In 2022, the public revenue-to-GDP ratio was 23.1% in Nepal, 19.8% in India and 14.8% in Lao PDR, while the ratio in Bangladesh was only 8.9%.

There is broad consensus that there is a positive correlation between levels of economic development and revenue collection.

To achieve the country’s development goals, the finance ministry has called for major reforms to increase the effectiveness, efficiency, transparency and fairness of the tax administration system.

The paper also emphasizes reviewing tax breaks to ensure that these benefits support the wider economy and do not disproportionately favor wealthier people at the expense of low-income groups, thus undermining the redistributive objectives of tax policy.

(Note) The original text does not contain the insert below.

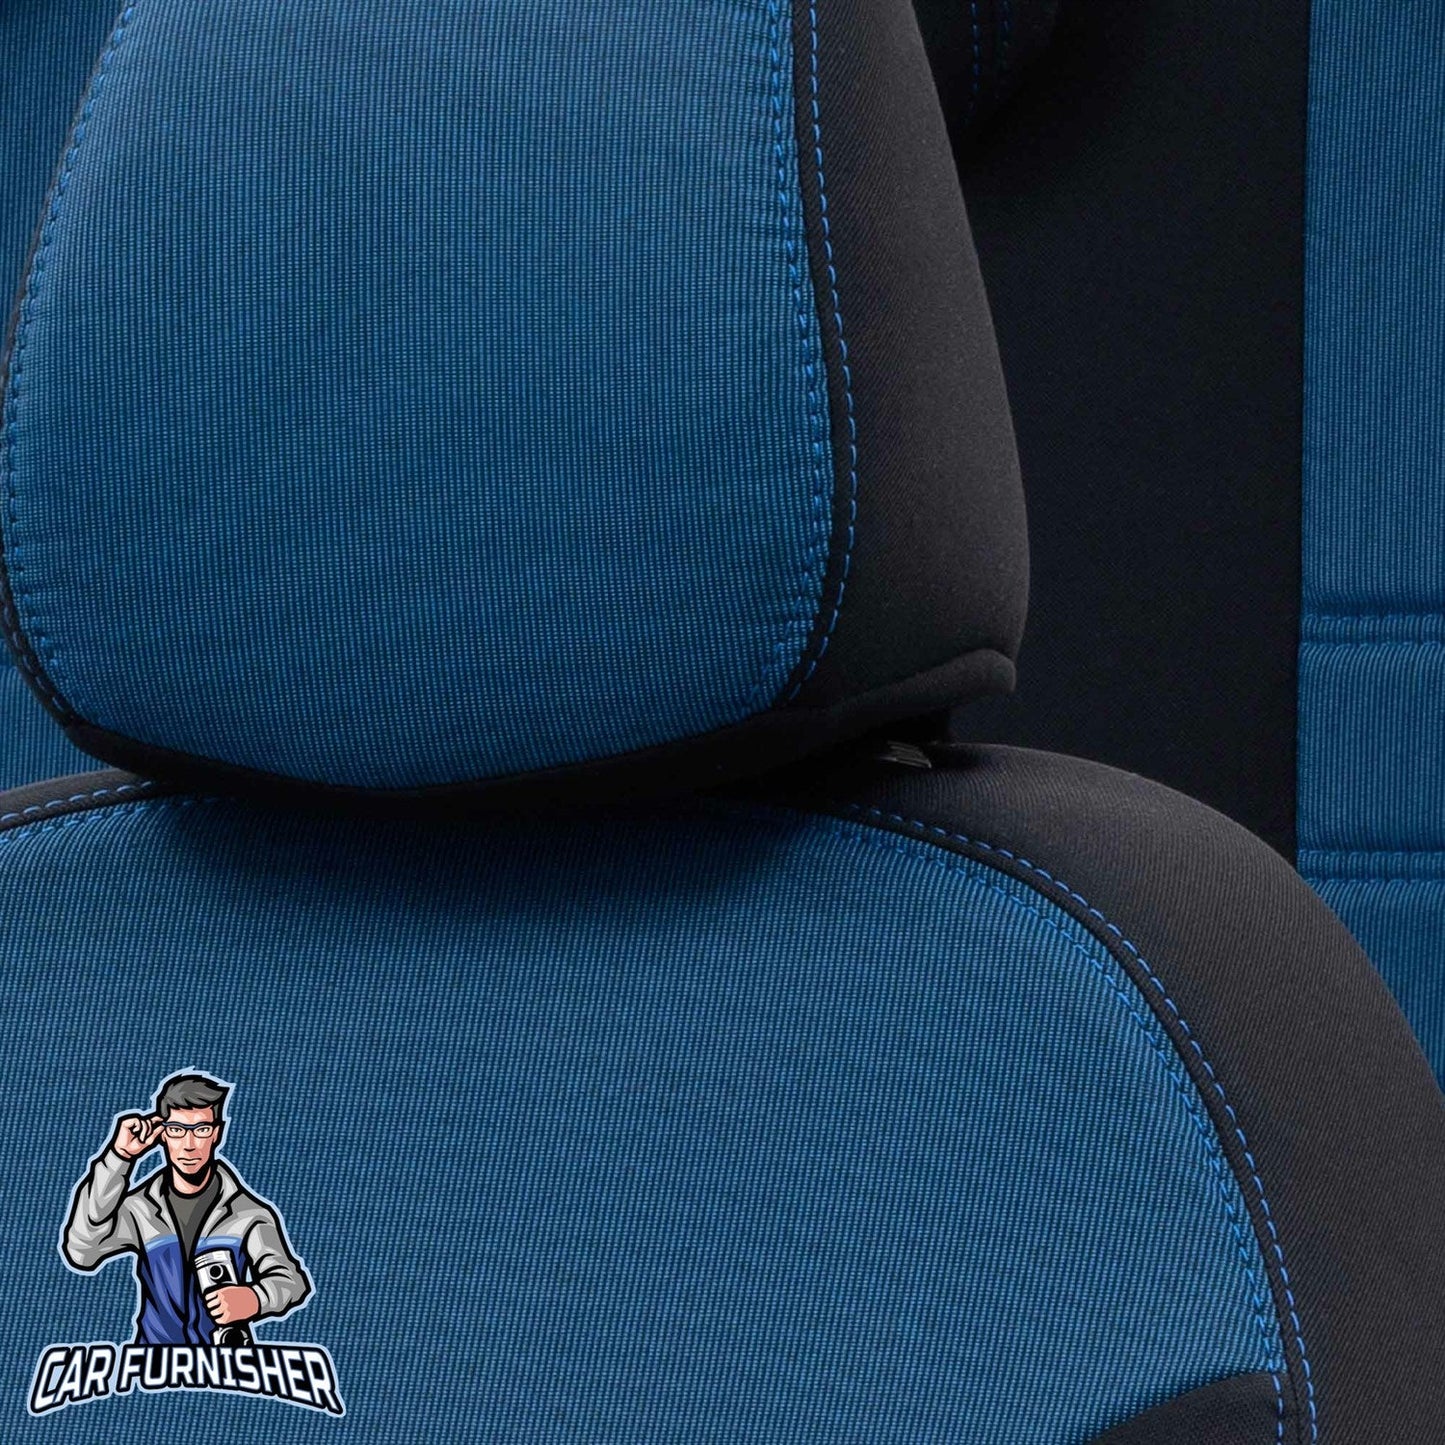 Volvo XC60 Seat Cover Original Jacquard Design Blue Jacquard Fabric

There is also significant room for improvement in filing tax returns; in FY22, only 33.3% of TIN holders filed tax returns, a figure that is significantly higher in peer countries.

The Ministry of Finance outlined several modern reform strategies to strengthen revenue mobilization.

These include expanding the tax base, adopting a modern property tax system, introducing environmental and carbon taxes, simplifying tax collection, fully automating the processes of filing and paying taxes, and minimizing direct interactions between tax collectors and taxpayers.

Other strategies include making audits more selective, productive and criteria-based, as well as separating fiscal policy from tax collection.

The government has made progress in this direction, with an increased share of income tax and VAT in total revenue.

However, there is still a need to reduce reliance on indirect taxes and focus more on direct taxes.

The actual share of direct taxes in total revenue was 32.3% in FY21, which increased slightly to 32.7% in FY23.

To support revenue growth, the government will continue efforts to broaden the tax base, shift reliance from commercial taxes to direct taxes, and further accelerate direct tax growth in the coming years.